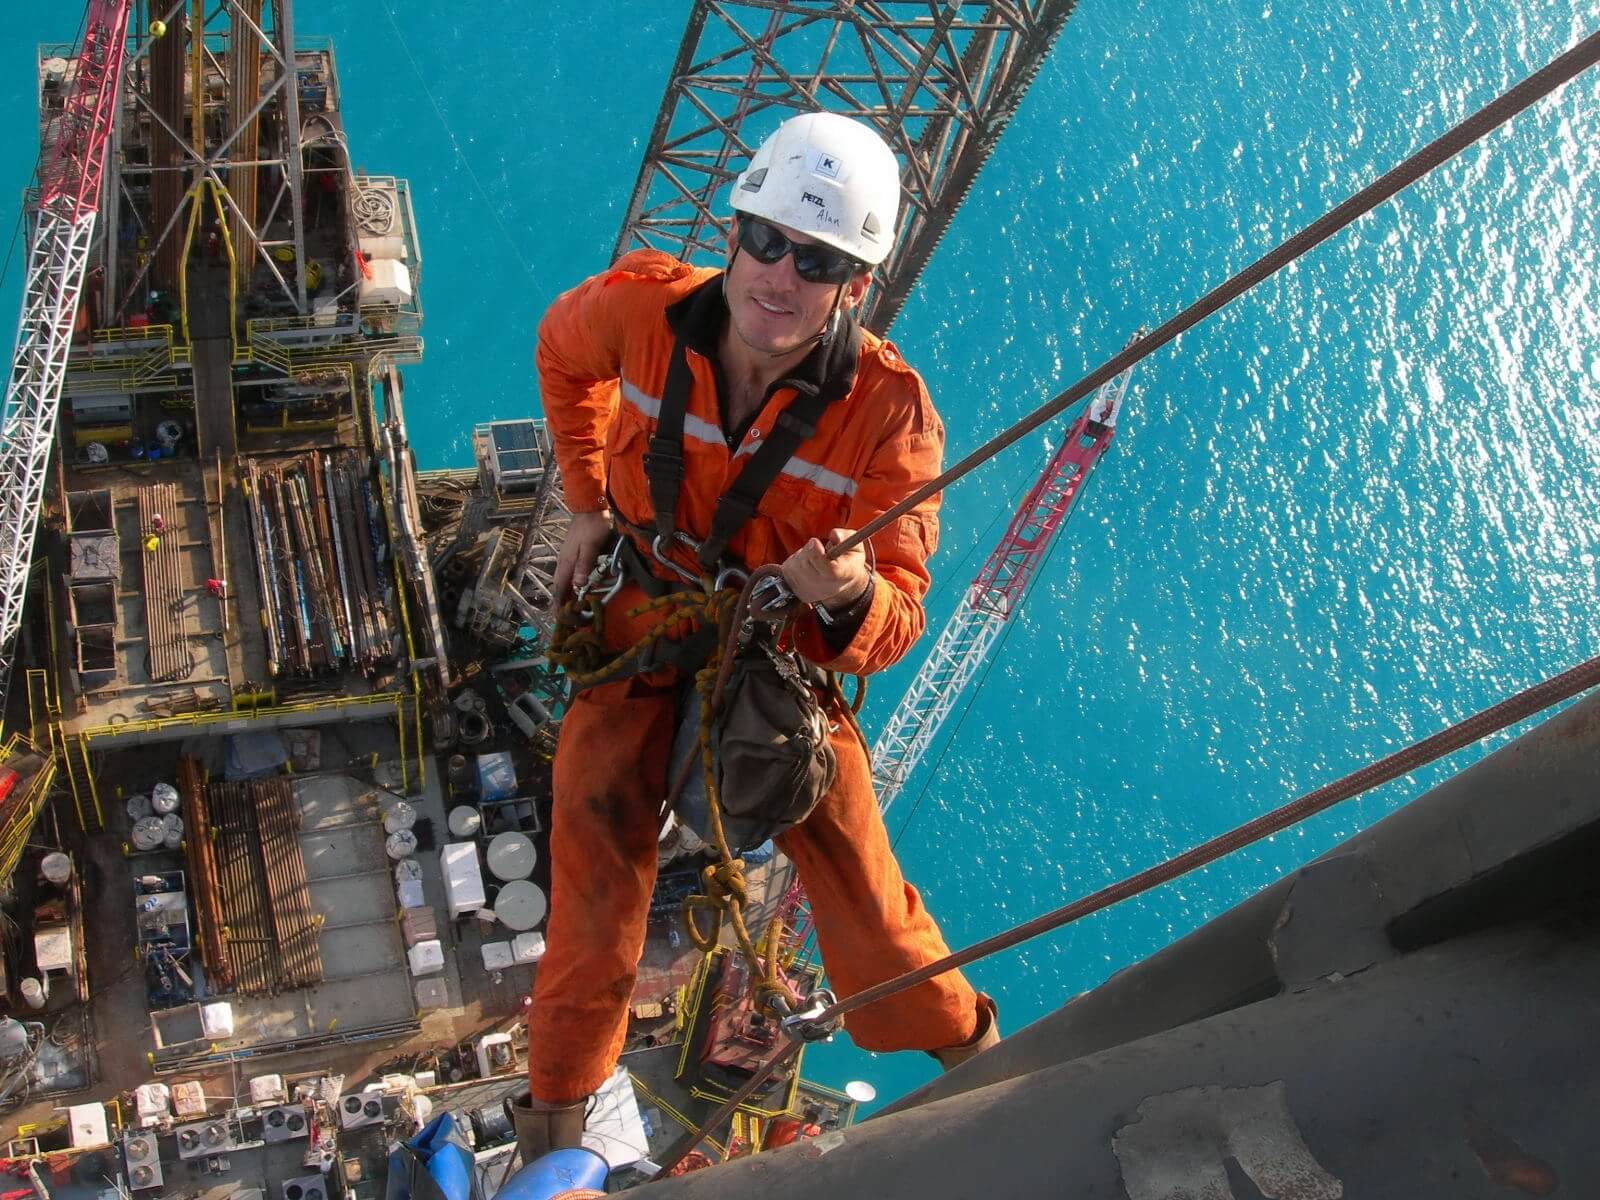 Rope access worker suspended above an ocean barge
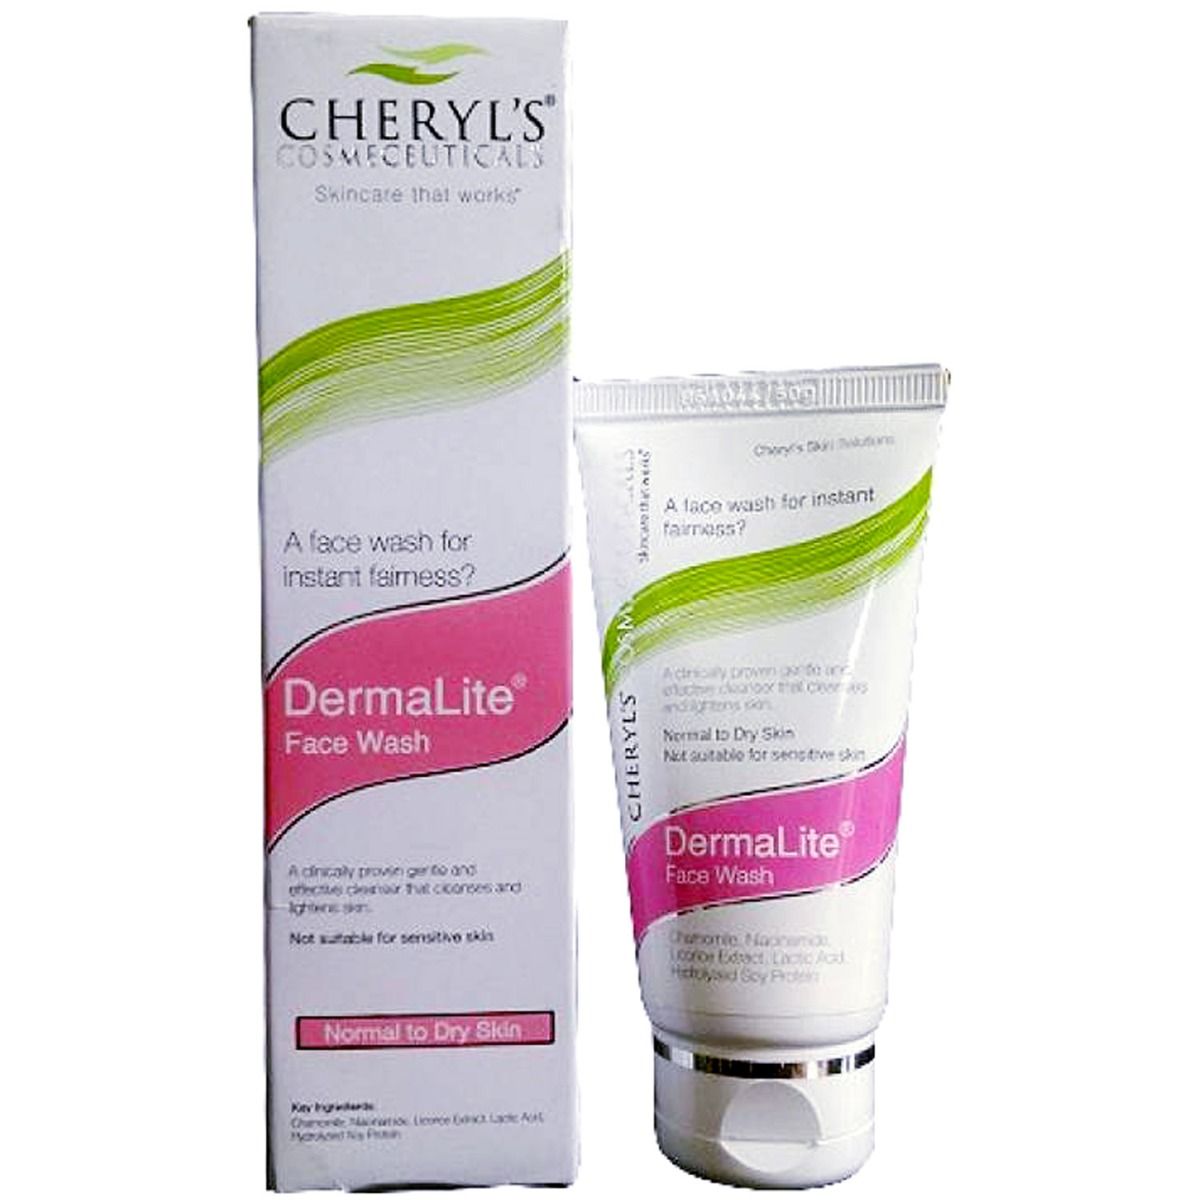 Cheryl's Dermalite Face Wash For Normal to Dry Skin, 100 ml, Pack of 1 
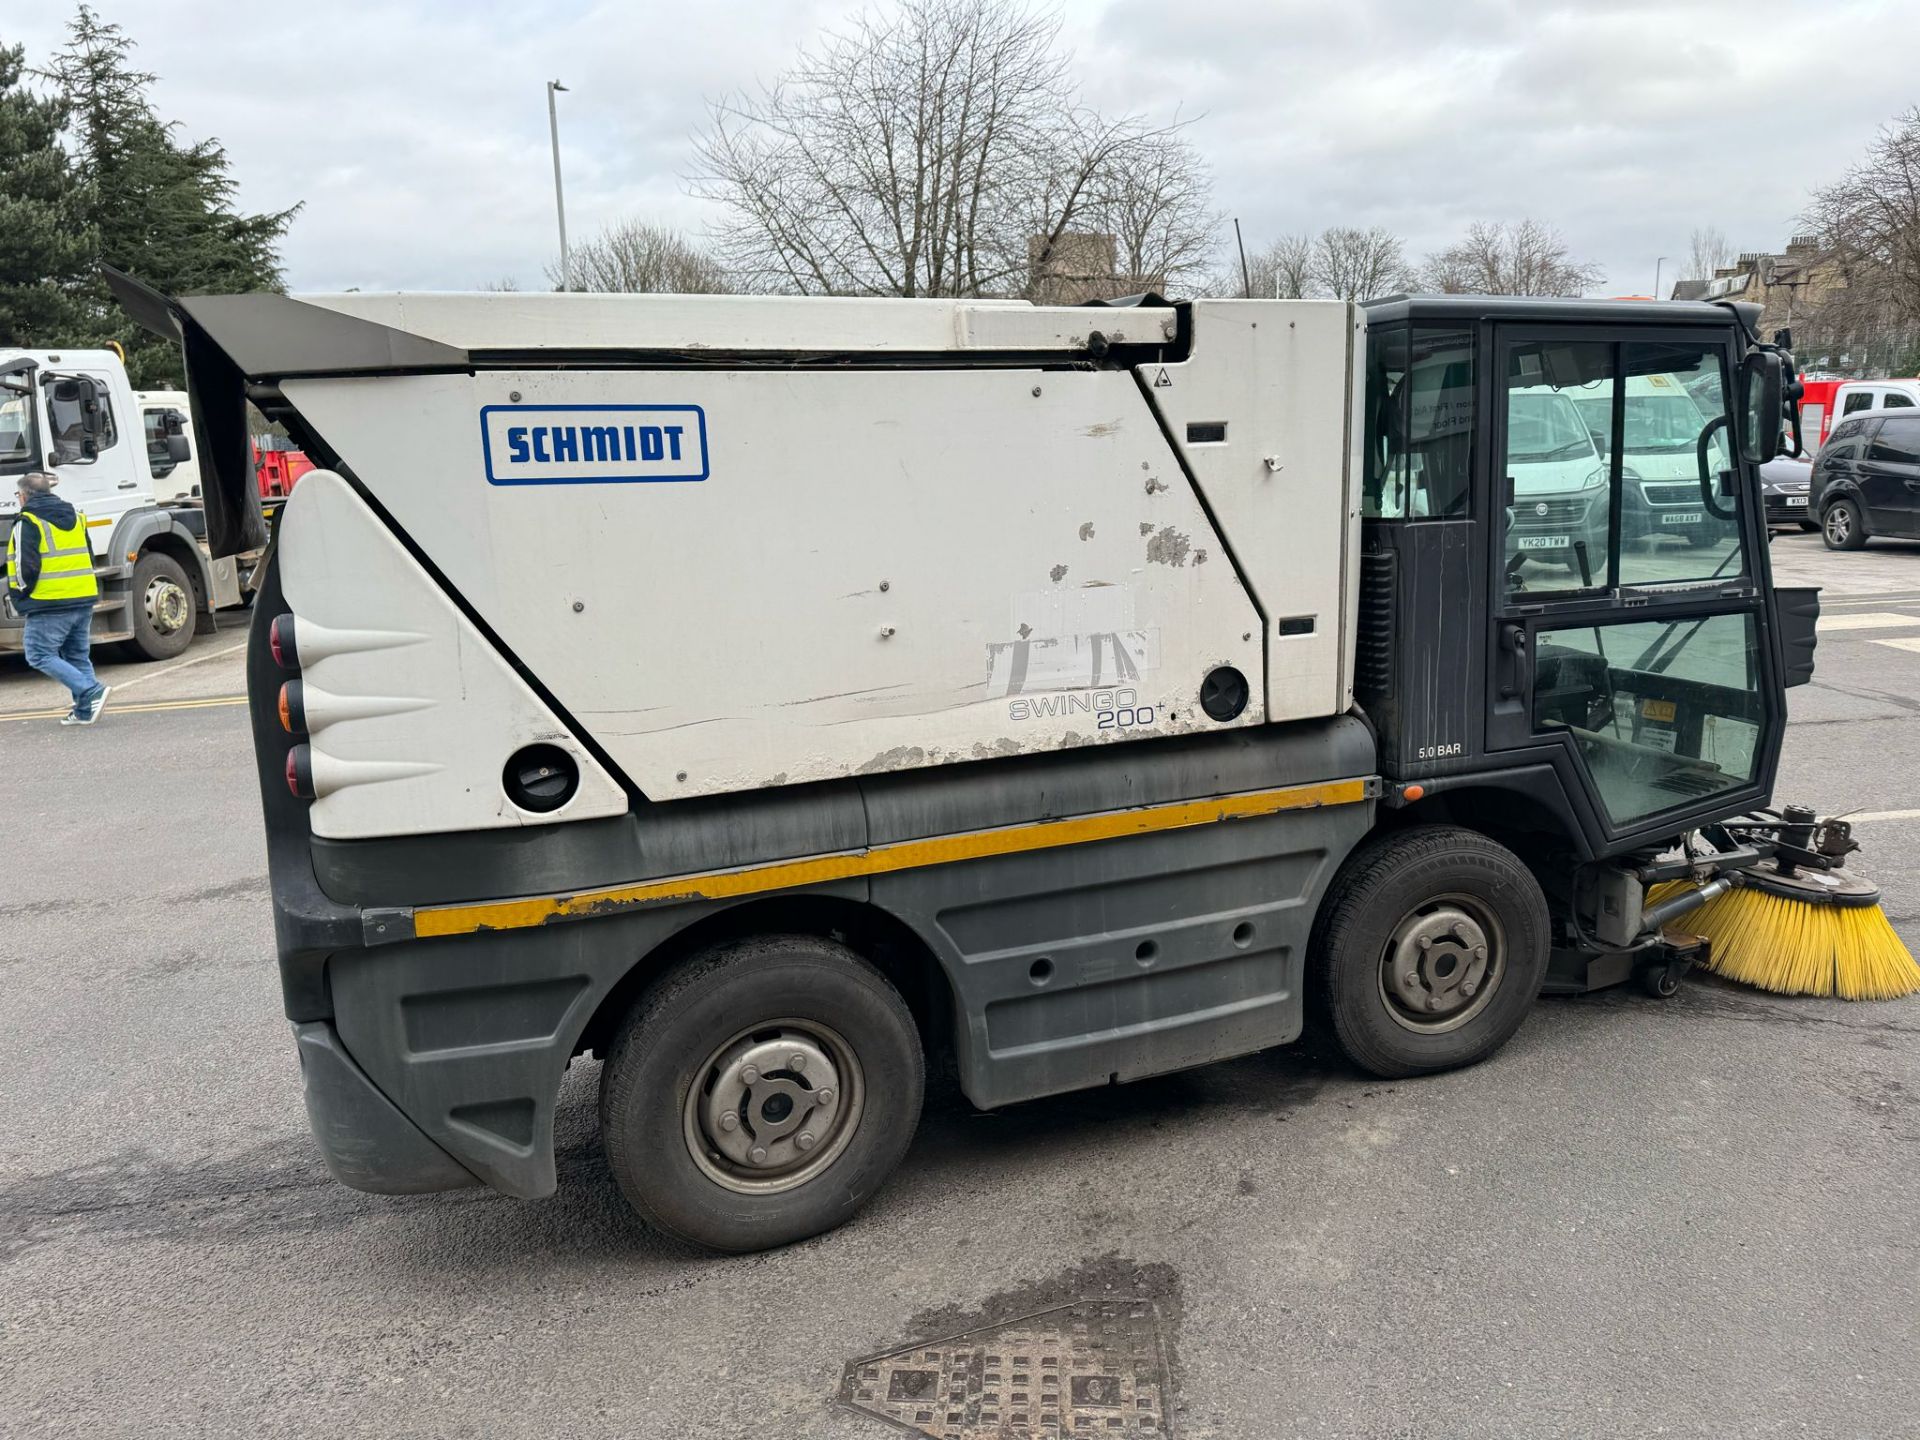 2017, SCHMIDT - Compact Road Sweeper (Ex-Council fleet owned and maintained) - Image 7 of 32

= = =

Work required - Could you reproduce all of the material exactly? Keep the pictures out of it.

Reply to the task -
 Rope access worker suspended above an ocean barge
 Cheryl's Dermalite Face Wash For Normal to Dry Skin, 100 ml, Pack of 1 
 2017, SCHMIDT - Compact Road Sweeper (Ex-Council fleet owned and maintained) - Image 7 of 32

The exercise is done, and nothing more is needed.